In the car as we headed home I said to The Critters, “Why don’t you close your eyes and take a nap?” to which Bug replied, “I don’ like taking naps!” and promptly fell asleep 30 seconds later.  He only got to take an hour-long nap before Tony and I woke him up to get some food in him; our unit’s chaplain had set up free childcare for couples to get two hours of alone time, and Tony and I jumped on that train quickly.  We dropped the Critters off with a warning that, “Oh by the way, Bug doesn’t wear diapers anymore” and headed to this Italian restaurant we’d heard great things about and which we learned – upon walking up to it – is currently closed for renovations.  So we backtracked a mile or so to a restaurant closer to the beach that we’d been to for lunch before, hoping we wouldn’t have to wait to be seated. 

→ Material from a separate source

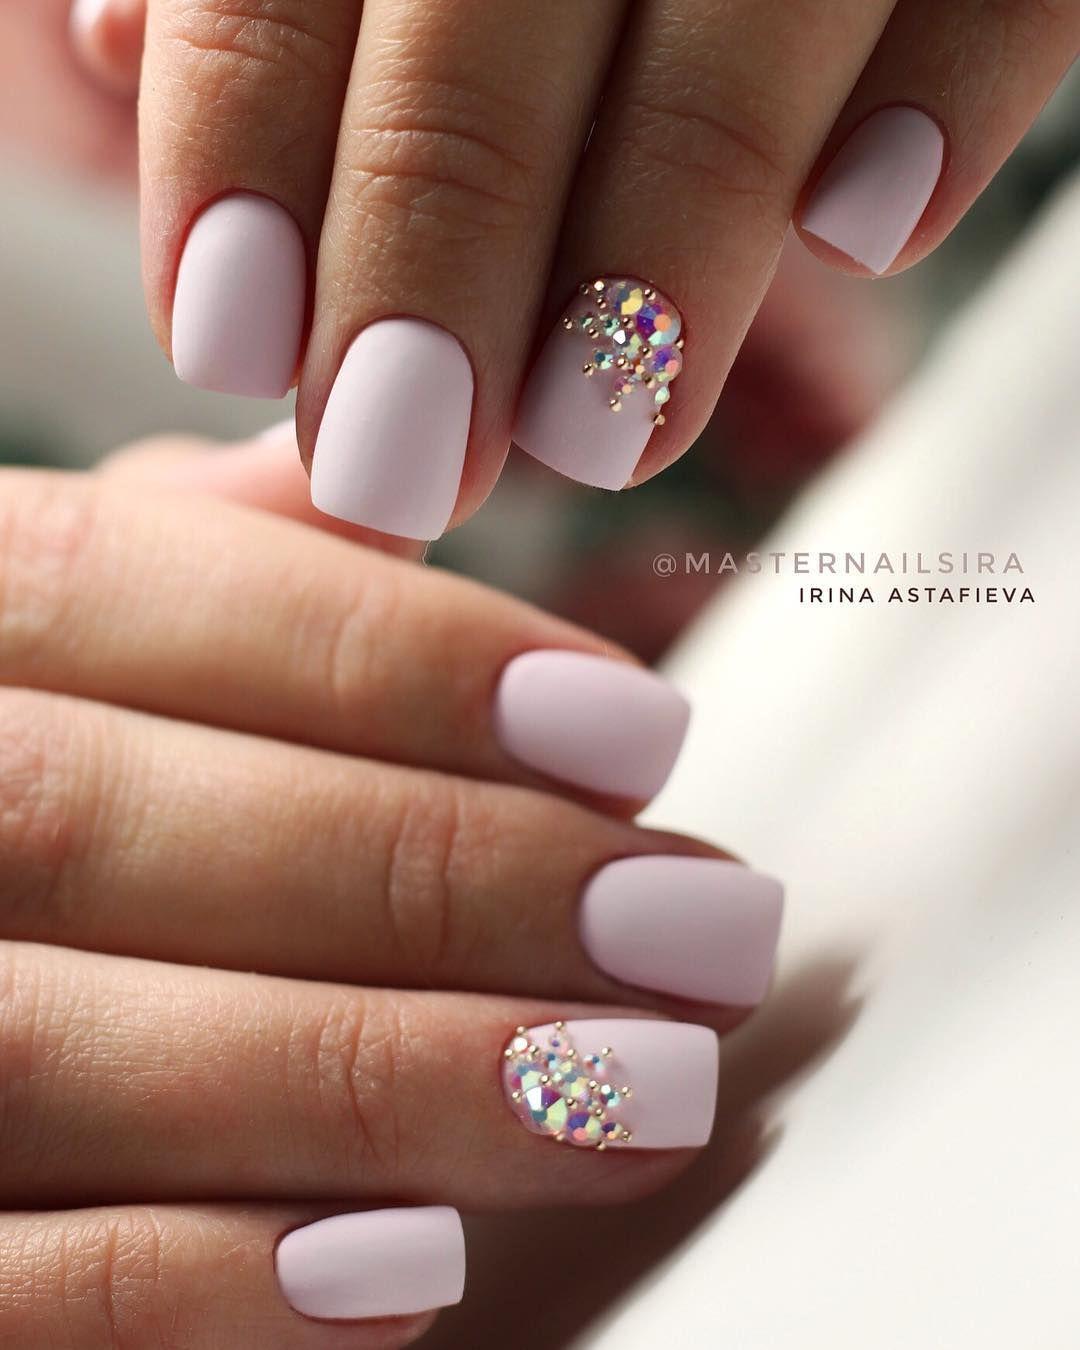 48 Stylish Acrylic White Nail Art Designs And Ideas Short Acrylic Nails Designs Bride Nails Short Acrylic Nails

As it turned out, we had the entire restaurant to ourselves, save for the cook and the owner/server.  Our meals were perfectly portioned and absolutely delicious, and we almost didn’t know what to do with the sheer quiet surrounding us (though Enya was quietly playing in the background).  We did everything short of licking our plates clean of the sauces (Tony had meat curry; I had garlic and ginger chicken) before heading to a nearby German bakery for dessert and later picking up our babies.  Baths were given, hugs and kisses administered before we climbed into bed to watch two or three episodes of Glee (I found it online for free!) and falling blissfully asleep.

Bear called this “The Best Day Of Her Life”.  I wouldn’t go that far – I think there are at least three other days that qualify for that title in my life – but it was well worth pulling Bear out of school for the day. 

Discussion

3 Responses to “>Okinawa World and Date Night, To Boot”

  1. >Our friend's daughter (who is now 11) gave us 2 Shisa dolls when I was pregnant with Kellen for good luck. Sadly, they were lost in the fire. I don't think they were very good Shisas!

    Posted by Brooke | January 17, 2010, 17:06
  2. >(Oh… and they were also stationed in Okinawa. I forgot that part, but it was an integral part of the story!)

    Posted by Brooke | January 17, 2010, 17:07
  3. >Those caves are cool. I'd love to see them. The snakes? Not so much.